Differentiated cells were restimulated with PMA (20ng/ml) plus ionomycin (1μg/ml, Sigma) at 37°C for 4–5h in the presence of GolgiStop (BD) for the last 2.5h. Cells were fixed and permeabilized with Cytofix/Cytoperm Solution (BD Bioscience). All subsequent washes and antibody dilutions were made with permeabilization buffer (eBioscience). Cells were incubated with IL-21 R/Fc chimera (R&D Systems) for 1h, washed and stained with PE-labeled affinity-purified F(ab′)2 goat anti-human Fcγ antibody (Jackson ImmunoResearch Laboratories) for 30 min (modified from (Suto et al., 2008)), washed twice and stained with antibodies to IL-4 (11B11), IFNγ (XMG1.2), IL-17A (17B7), and CD4 (RM4-5) (eBioscience) for 1h. CXCR5 staining used biotinylated anti-CXCR5 (2G8, BD Bioscience) for 1h on ice, followed by APC or PE-Cy7-labeled streptavidin (BD Bioscience). Secondary controls without primary antibodies confirmed staining specificity. Additional information provided in supplemental material.

4×10⁴ in vitro differentiated GFP⁺OT-II T cells were retro-orbitally transferred into Sh2d1a^−/− recipients one day prior to subcutaneous immunization in each hind limb with 50 μg of NP₁₃-OVA (Biosearch Technologies) emulsified in Alum (Pierce). Draining lymph nodes were analysed on specified days post-immunization. ELISAs were performed as described (Cannons et al., 2006).

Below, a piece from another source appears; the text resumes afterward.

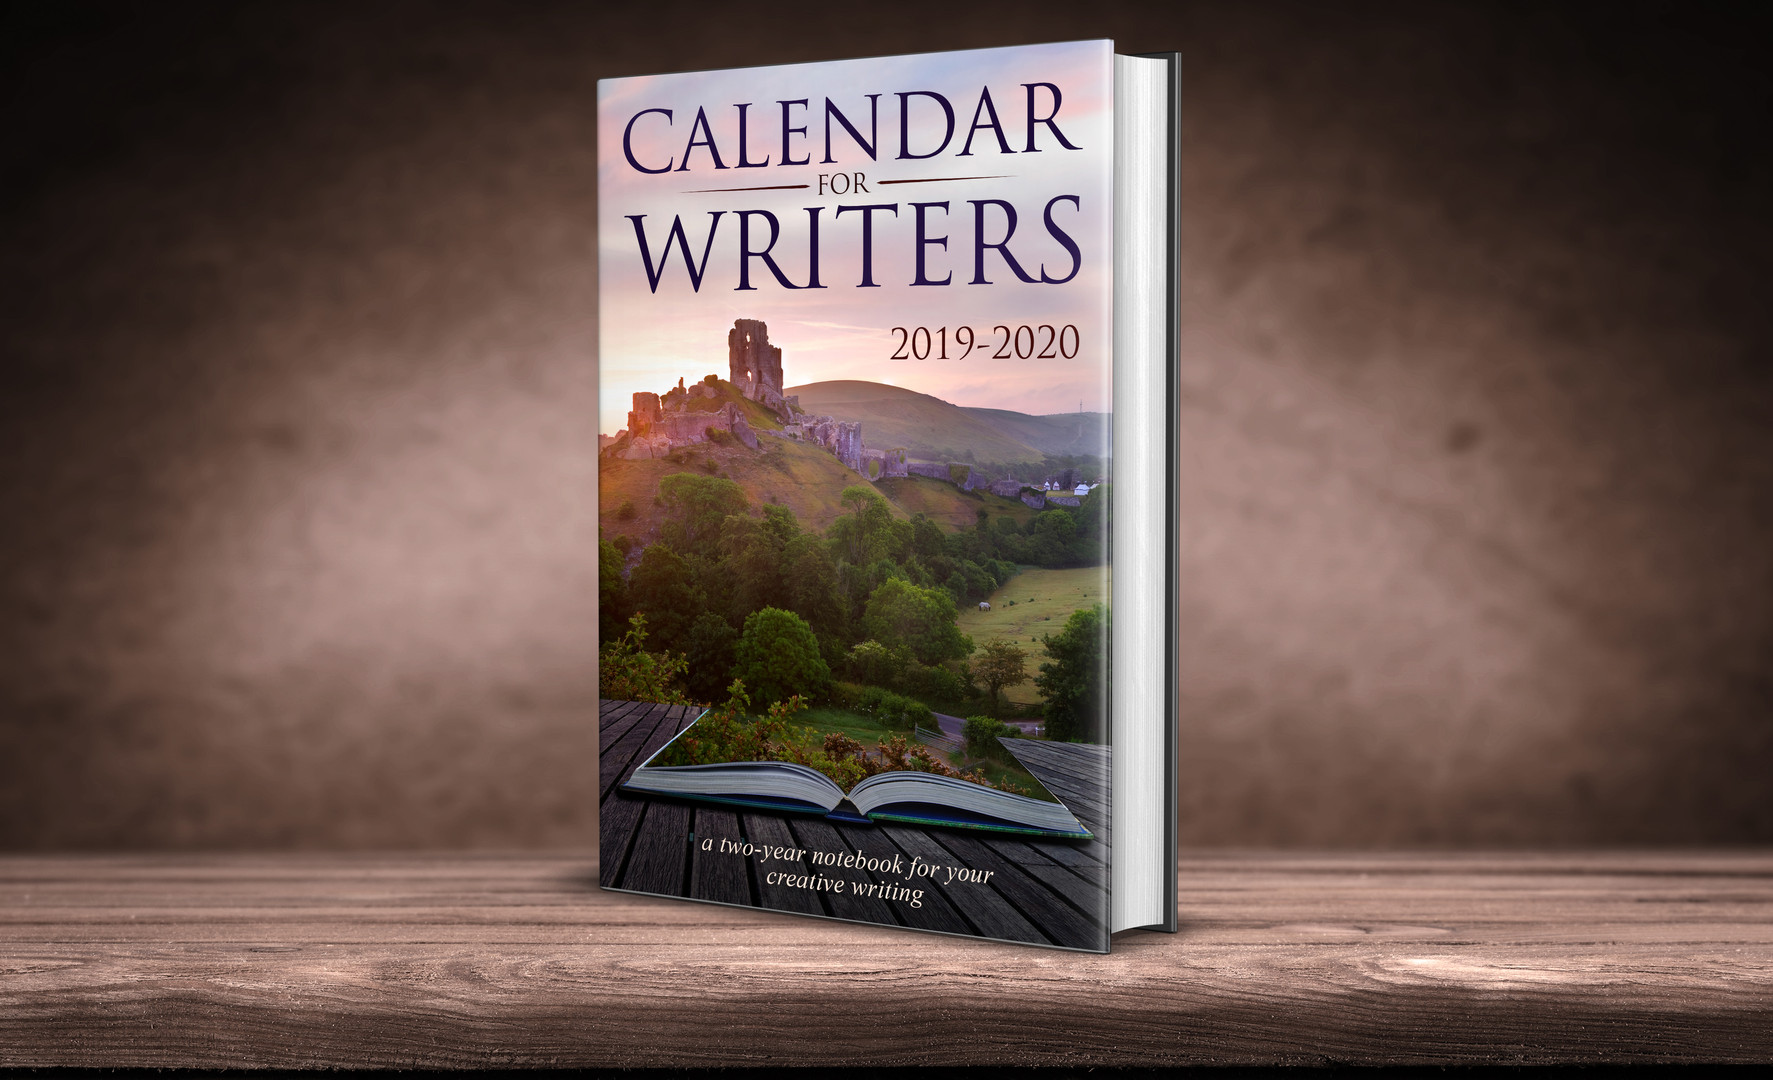 Calendar For Writers 2019-2020 (Ingram Edition)

ChIP-Seq experiments were performed essentially as described previously (Wei et al., 2009). In brief, T cells were treated with Micrococcal nuclease (MNase) to generate mononucleosomes. Chromatin from naïve and in vitro differentiated Th cells (1×10⁷ cells) was immunoprecipitated with antibodies against histone H3K4me3 (Abcam ab8580, Milipore 04-745) or H3K27me3 (Upstate 07-449, Milipore CS200603). For sorted Tfh cells, cells were immediately treated with MNase and native fragmented chromatin was stored at −80C. Chromatin preparation from sorted samples (CXCR5⁺PD-1⁺ sorted Tfh-like, a total of 3×10⁶ cells (H3K4me3) and 7×10⁶ cells (H3K27me3); CXCR5^hiPD-1^hi ex vivo Tfh, 3×10⁶ cells (H3K4me3), and 5×10⁶ cells (H3K27me3)) were pooled together and simultaneously processed as described above. Immunoprecipitated DNA fragments were blunt-ended, ligated to the Illumina adaptors, and sequenced with the Illumina GAII sequencer.

Illumina provided pipeline analysis was performed to obtain sequence reads of 25 bp and uniquely matching reads were mapped to the mouse genome (mm9) using the SICER peak calling program as described (Wei et al., 2009). Only uniquely matching reads were retained. Data from (Wei et al., 2009) were also reanalyzed using the mm9 version of the mouse genome for comparison and the output data was converted to browser-extensible data (BED) files in a window size of 200 bp as described previously (Wei et al., 2009), with or without (for H3K27me3) peak calling. Results were uploaded for viewing and comparative analyses in the UCSC genome browser.